An earlier decision, United States ex rel. Starr v. Mulligan, 59 F.2d 200 (2d Cir. 1932), provides further support for the proposition that the Second Circuit did not consider a "genuine" security containing false information to be a "falsely made" security. Mulligan involved a statute with language very similar to 18 U.S.C. § 2314. Former 18 U.S.C. § 73 (now 18 U.S.C. § 495) provided in part that

Whoever shall falsely make, alter, forge, or counterfeit ... any deed, power of attorney, order, certificate, receipt, contract, or other writing, for the purpose of obtaining or receiving ... from the United States, or any of their officers or agents, any sum of money ... shall be fined ... and imprisoned.

The Court held that "it has been authoritatively established" that this statutory provision "is limited to the false making, that is, the forging, of writings," and does not cover "writings genuine in execution but false in statements of fact they contain." Id. at 201.

In its brief on the instant motion, the Government has cited a subsequent district court decision, United States v.
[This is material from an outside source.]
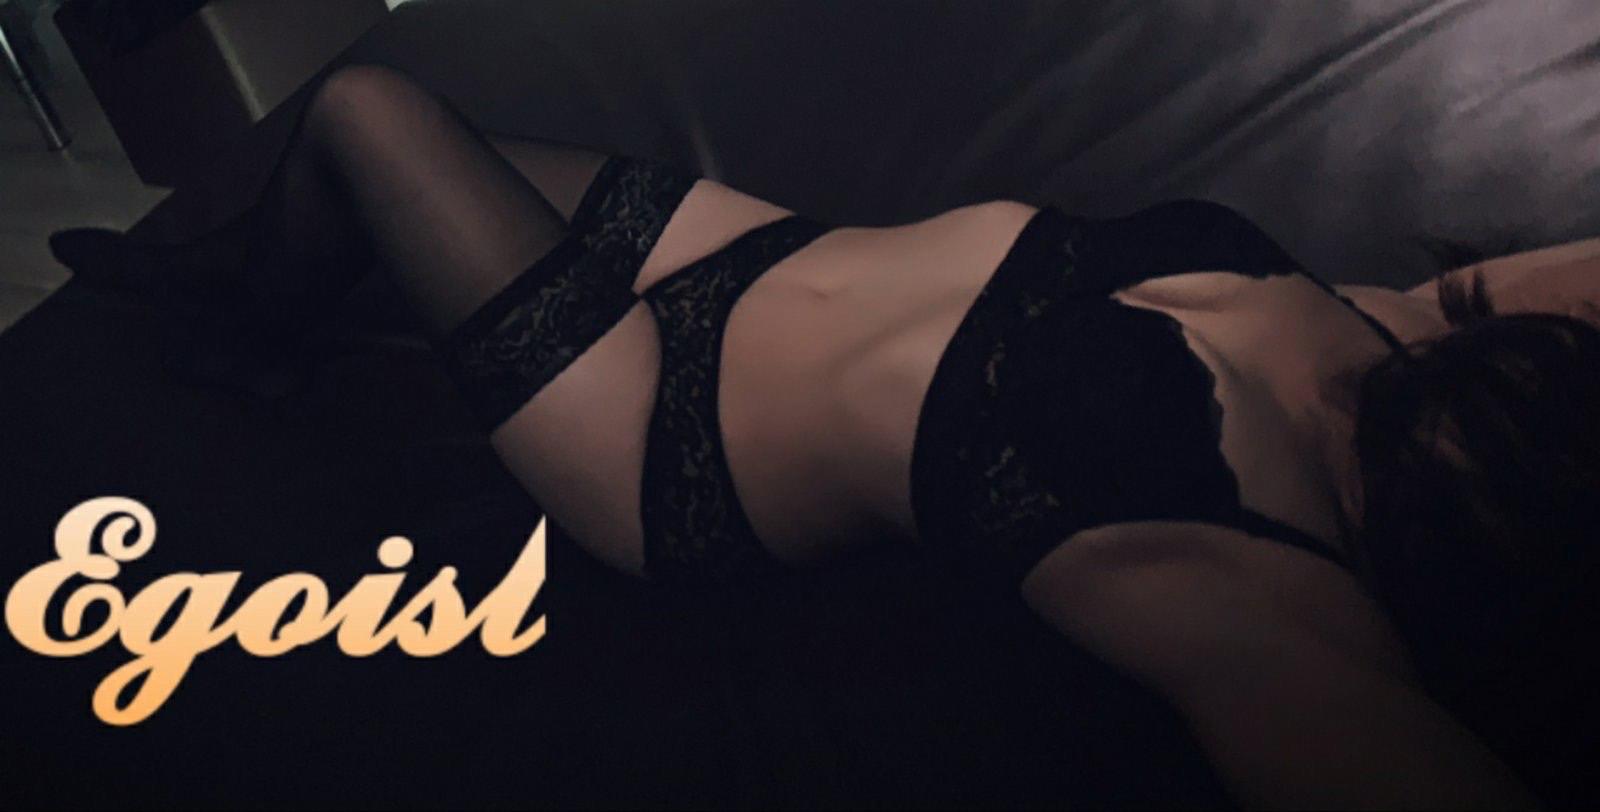 Салон эротического массажа в Днепре
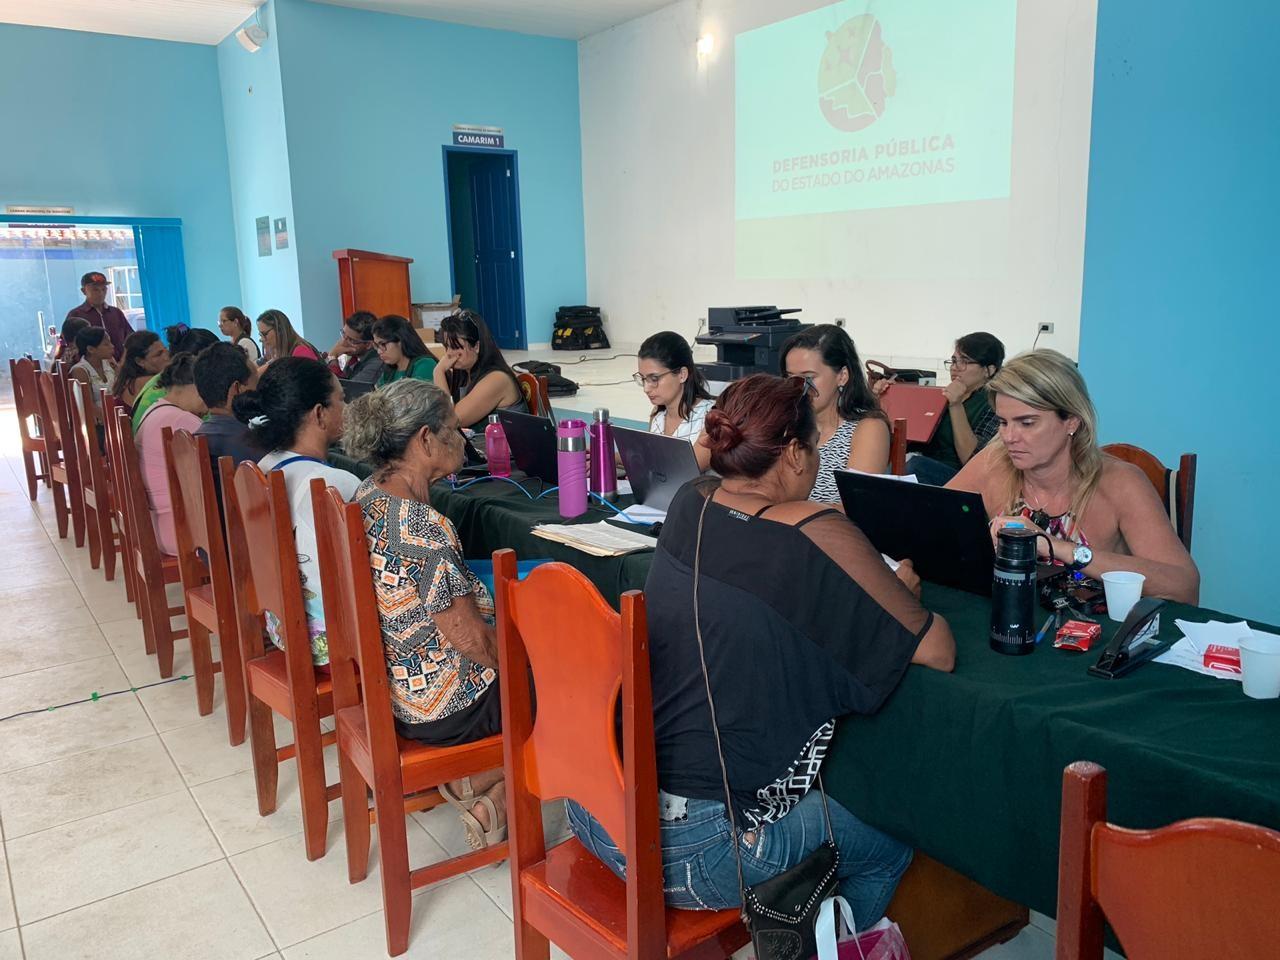 Com foco nas áreas da Família e Mulher, Tabatinga recebe mutirão de atendimento da Defensoria Pública - Notícias - Plantão Diário

Green, 293 F.Supp. 999 (S.D.N.Y.1966), in which the Court (after a bench trial) found the defendant guilty under 18 U.S.C. § 2314. The Court concluded that the defendant's conduct — creating a fictitious personality and signing the name of that personality on checks that he cashed — constituted forgery and was covered by 18 U.S.C. § 2314. The Court went on to state that:

Even assuming the activity herein did not amount to a forgery, it nonetheless did, in my opinion, constitute a false making, and since I do not subscribe to the view that forgery and false making are synonymous, nor to the view that they are to be read conjunctively, but rather disjunctively, I find that the statute was in any event violated.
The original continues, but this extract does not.